Find a metric by name and return the metric ID in *metric.

CUptiResult cuptiMetricGetNumEvents ( CUpti_MetricID metric, uint32_t* numEvents )
Get number of events required to calculate a metric.
Parameters
metric
ID of the metric
numEvents
Returns the number of events required for the metric
Returns

  • CUPTI_SUCCESS

  • CUPTI_ERROR_NOT_INITIALIZED

  • CUPTI_ERROR_INVALID_METRIC_ID

  • CUPTI_ERROR_INVALID_PARAMETER

    if numEvents is NULL

Description

Returns the number of events in numEvents that are required to calculate a metric.

CUptiResult cuptiMetricGetNumProperties ( CUpti_MetricID metric, uint32_t* numProp )
Get number of properties required to calculate a metric.
Parameters
metric
ID of the metric
numProp
Returns the number of properties required for the metric
Returns

  • CUPTI_SUCCESS

  • CUPTI_ERROR_NOT_INITIALIZED

  • CUPTI_ERROR_INVALID_METRIC_ID

  • CUPTI_ERROR_INVALID_PARAMETER

    if numProp is NULL

Description

Returns the number of properties in numProp that are required to calculate a metric.

CUptiResult cuptiMetricGetRequiredEventGroupSets ( CUcontext context, CUpti_MetricID metric, CUpti_EventGroupSets** eventGroupSets )
For a metric get the groups of events that must be collected in the same pass.
Parameters
context
The context for event collection
metric
The metric ID
eventGroupSets
Returns a CUpti_EventGroupSets object that indicates the events that must be collected in the same pass to ensure the metric is calculated correctly. Returns NULL if no grouping is required for metric
Returns

  • CUPTI_SUCCESS

  • CUPTI_ERROR_NOT_INITIALIZED

  • CUPTI_ERROR_INVALID_METRIC_ID

Description

For a metric get the groups of events that must be collected in the same pass to ensure that the metric is calculated correctly. If the events are not collected as specified then the metric value may be inaccurate.
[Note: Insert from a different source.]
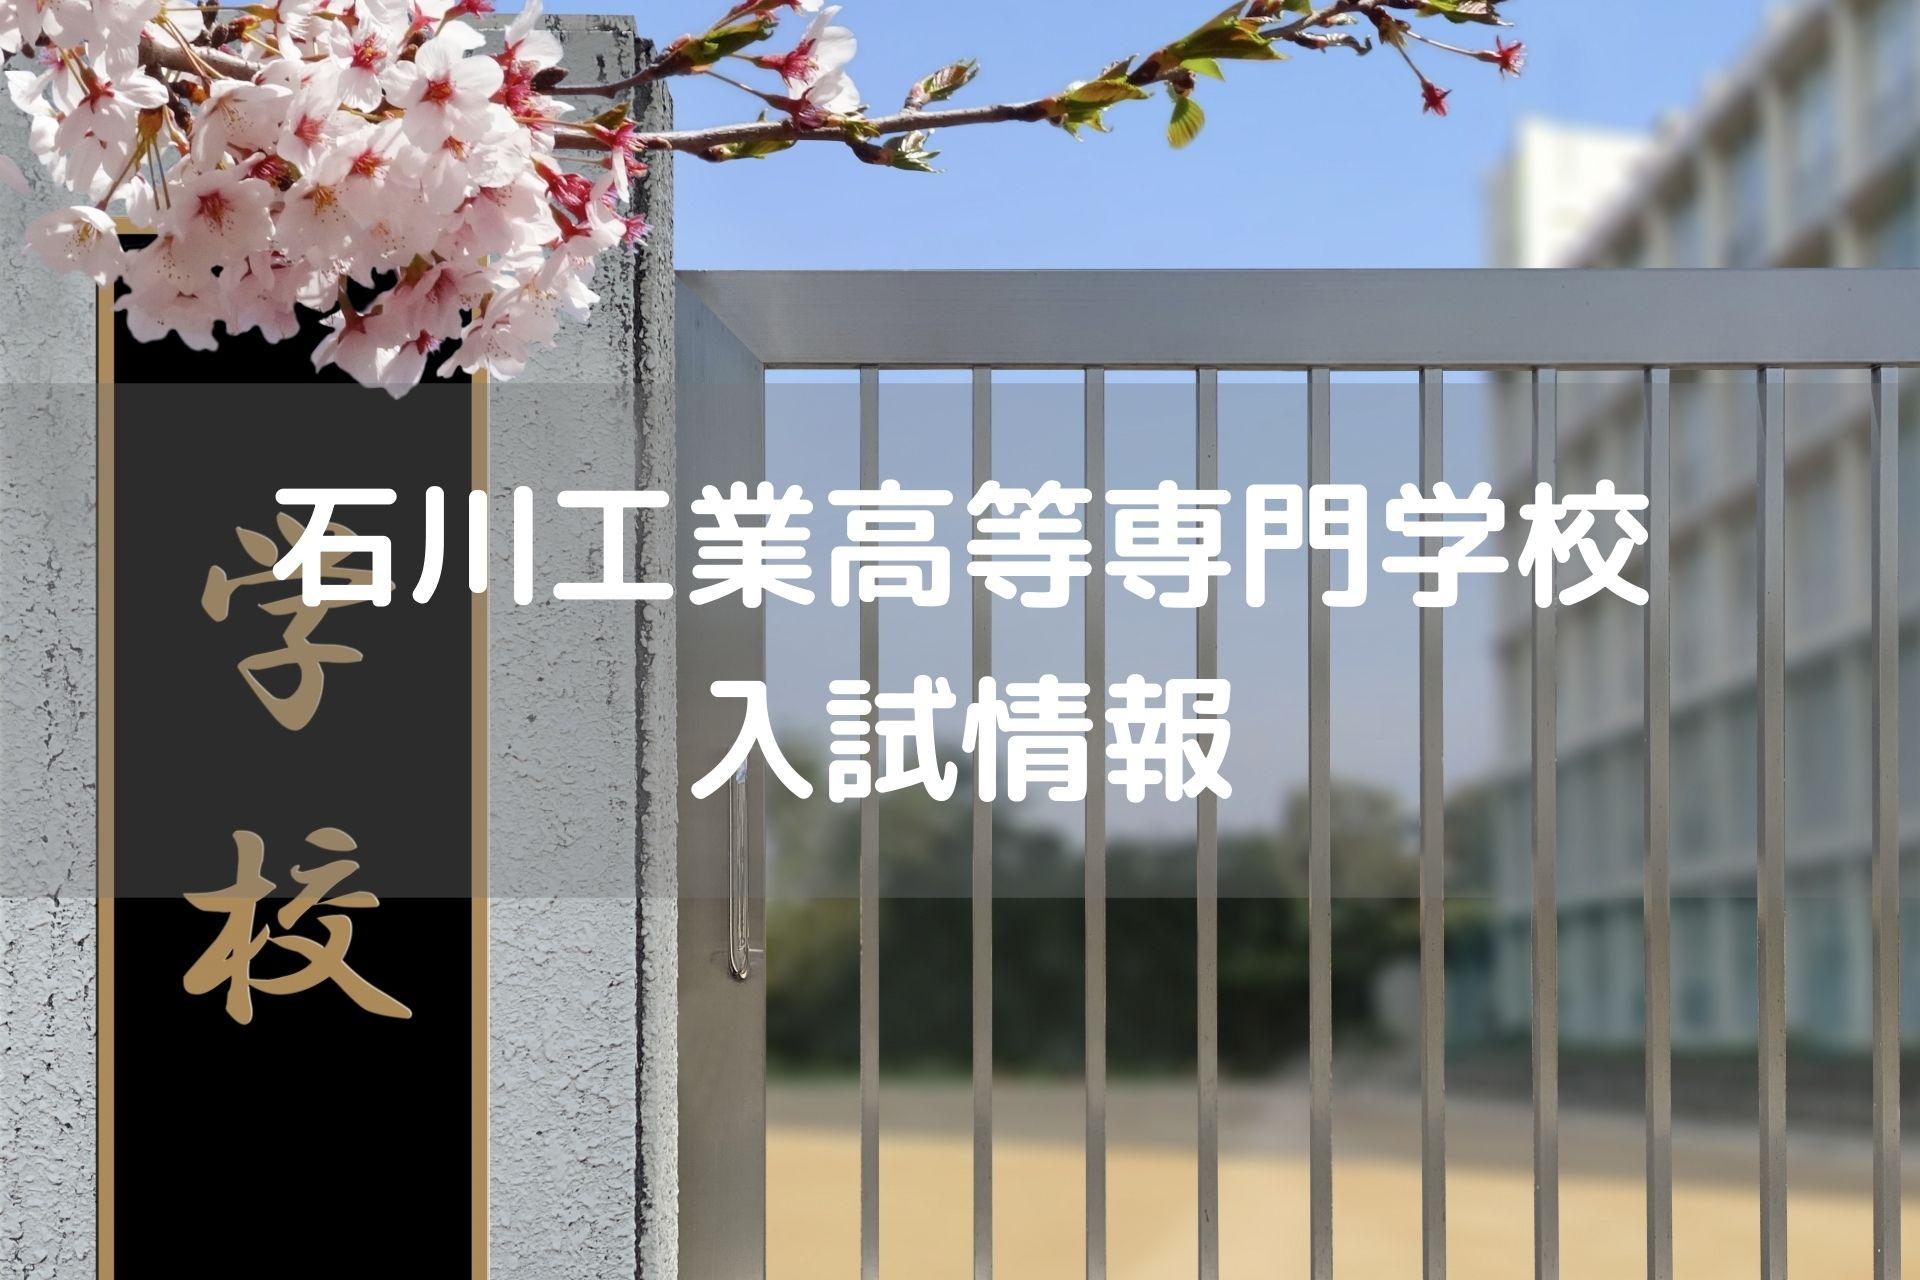 石川高専の入試情報

The function returns NULL if a metric does not have any required event group. In this case the events needed for the metric can be grouped in any manner for collection.

CUptiResult cuptiMetricGetValue ( CUdevice device, CUpti_MetricID metric, size_t eventIdArraySizeBytes, CUpti_EventID* eventIdArray, size_t eventValueArraySizeBytes, uint64_t* eventValueArray, uint64_t timeDuration, CUpti_MetricValue* metricValue )
Calculate the value for a metric.
Parameters
device
The CUDA device that the metric is being calculated for
metric
The metric ID
eventIdArraySizeBytes
The size of eventIdArray in bytes
eventIdArray
The event IDs required to calculate metric
eventValueArraySizeBytes
The size of eventValueArray in bytes
eventValueArray
The normalized event values required to calculate metric. The values must be order to match the order of events in eventIdArray
timeDuration
The duration over which the events were collected, in ns
metricValue
Returns the value for the metric
Returns

  • CUPTI_SUCCESS

  • CUPTI_ERROR_NOT_INITIALIZED

  • CUPTI_ERROR_INVALID_METRIC_ID

  • CUPTI_ERROR_INVALID_OPERATION

  • CUPTI_ERROR_PARAMETER_SIZE_NOT_SUFFICIENT

    if the eventIdArray does not contain all the events needed for metric

  • CUPTI_ERROR_INVALID_EVENT_VALUE

    if any of the event values required for the metric is CUPTI_EVENT_OVERFLOW

  • CUPTI_ERROR_INVALID_METRIC_VALUE

    if the computed metric value cannot be represented in the metric's value type. For example, if the metric value type is unsigned and the computed metric value is negative

  • CUPTI_ERROR_INVALID_PARAMETER

    if metricValue, eventIdArray or eventValueArray is NULL

Description

Use the events collected for a metric to calculate the metric value. Metric value evaluation depends on the evaluation mode CUpti_MetricEvaluationMode that the metric supports. If a metric has evaluation mode as CUPTI_METRIC_EVALUATION_MODE_PER_INSTANCE, then it assumes that the input event value is for one domain instance. If a metric has evaluation mode as CUPTI_METRIC_EVALUATION_MODE_AGGREGATE, it assumes that input event values are normalized to represent all domain instances on a device. For the most accurate metric collection, the events required for the metric should be collected for all profiled domain instances. For example, to collect all instances of an event, set the CUPTI_EVENT_GROUP_ATTR_PROFILE_ALL_DOMAIN_INSTANCES attribute on the group containing the event to 1. The normalized value for the event is then: (sum_event_values * totalInstanceCount) / instanceCount, where sum_event_values is the summation of the event values across all profiled domain instances, totalInstanceCount is obtained from querying CUPTI_EVENT_DOMAIN_ATTR_TOTAL_INSTANCE_COUNT and instanceCount is obtained from querying CUPTI_EVENT_GROUP_ATTR_INSTANCE_COUNT (or CUPTI_EVENT_DOMAIN_ATTR_INSTANCE_COUNT).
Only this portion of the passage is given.